И тут Дубов явственно ощутил, что к его бакенбардам вдруг прислонились другие бакенбарды, и чей-то голос твердо прошептал ему на ухо:
— Не соглашайтесь, Дубров! Ни в коем случае не соглашайтесь!
— Я жду ответа! — потребовал учитель русского языка.
— Великому русскому писателю, — с достоинством отрапортовал Дубов, — продавать свою душу не подобает никому!

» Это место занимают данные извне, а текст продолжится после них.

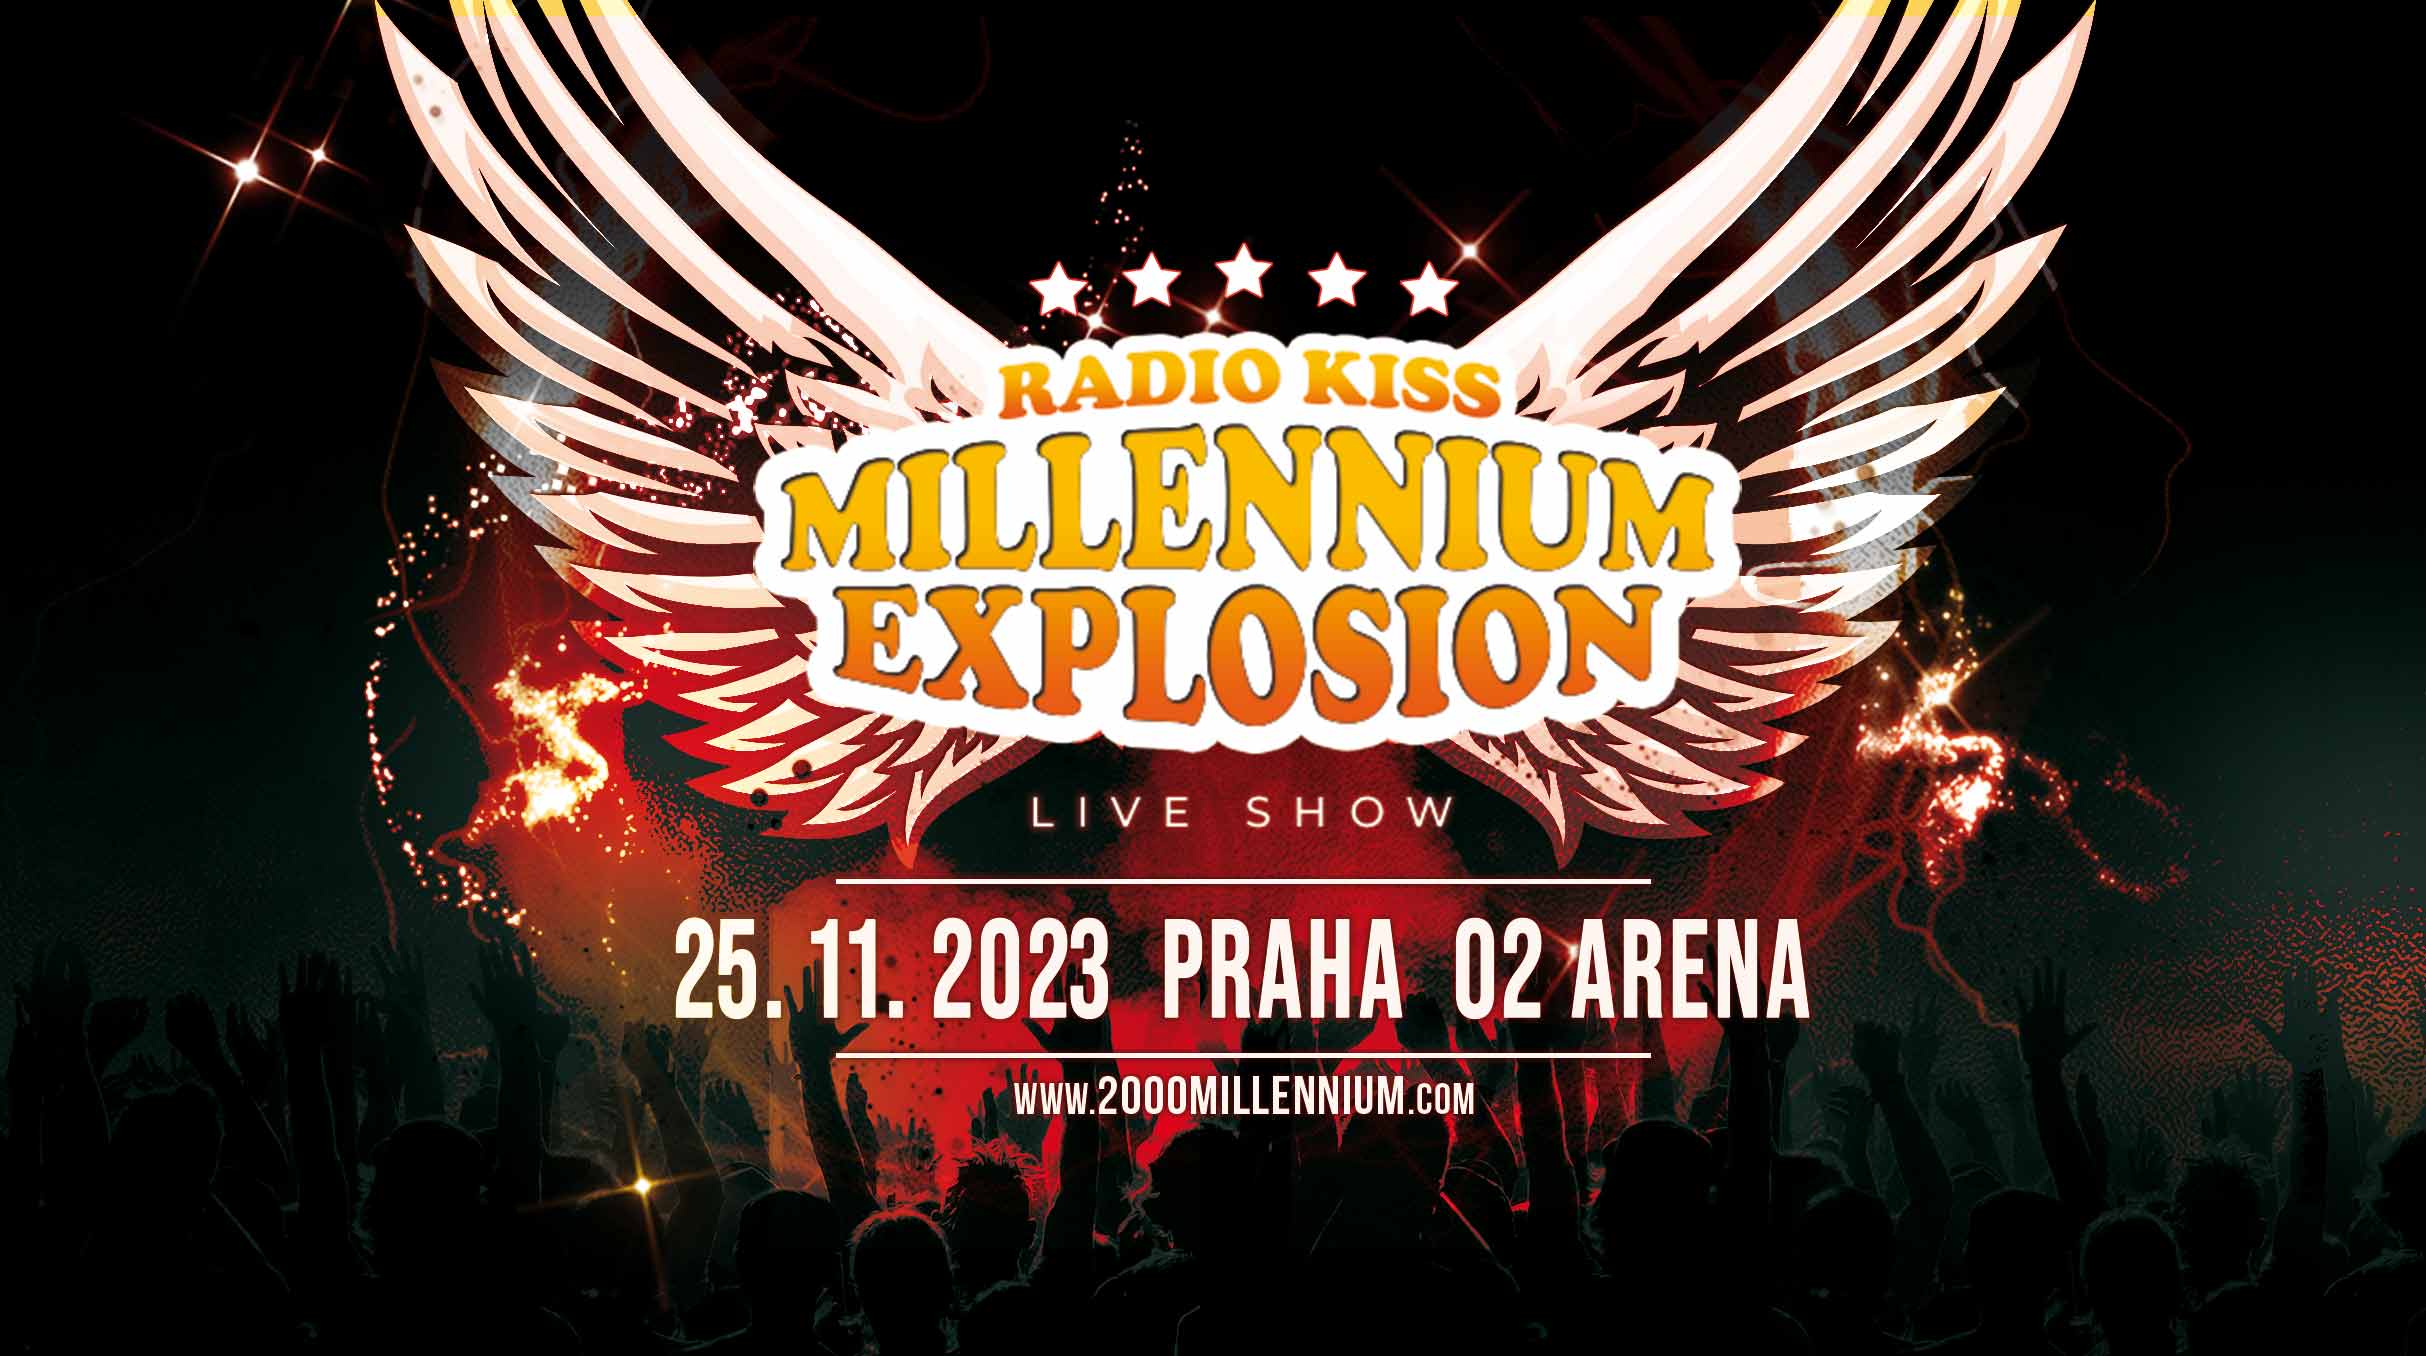 Radio Kiss Millennium Explosion- Praha O2 arena- Cascada, Inna, DJ Antoine, Lou Bega a další -O2 arena Praha 9 Českomoravská 2345/17a, Praha 9 19000

Если бы в жизни был смысл, во вселенной — Бог, а во мне — я, жить стало бы невыносимо скучно. То есть оно и так очень часто скучно, но все ж таки выносимо, можно ни про что не думать и пребывать спокойно на отведенном тебе судьбой месте, наслаждаясь свободой, будто чаем. В детстве я смотрел телевизор, а сам думал о маленьких человечках за стеклом экрана. Больше всего меня возмущала следующая несправедливость: пока я маленький, никто не доверит мне отвертку, чтобы разобрать телевизор и подружиться с человечками, а когда я стану большим и буду сам себе хозяин, я смогу разбирать телевизоры хоть каждый день, но влезть туда уже не смогу, да и подружиться с человечками будет проблематично. Хорошо еще, что в телевизоре нет никаких человечков, это гораздо меньшее разочарование, если бы они там действительно были. Ведь, ну, разберете вы телевизор, познакомитесь с этими людишками, а они… они окажутся такими же, как все, только маленькими. Откуда бы им быть иными? Точно то же и со смыслом жизни. Его отсутствие — разочарование совершенно пустяковое, а вот если бы он действительно существовал… Я думаю, что если один человек из тысячи, узнав о том, что в жизни нету смысла, вешается, то это ерунда по сравнению с тем, если бы в жизни был смысл, ведь тогда повесились бы остальные девятьсот девяносто девять.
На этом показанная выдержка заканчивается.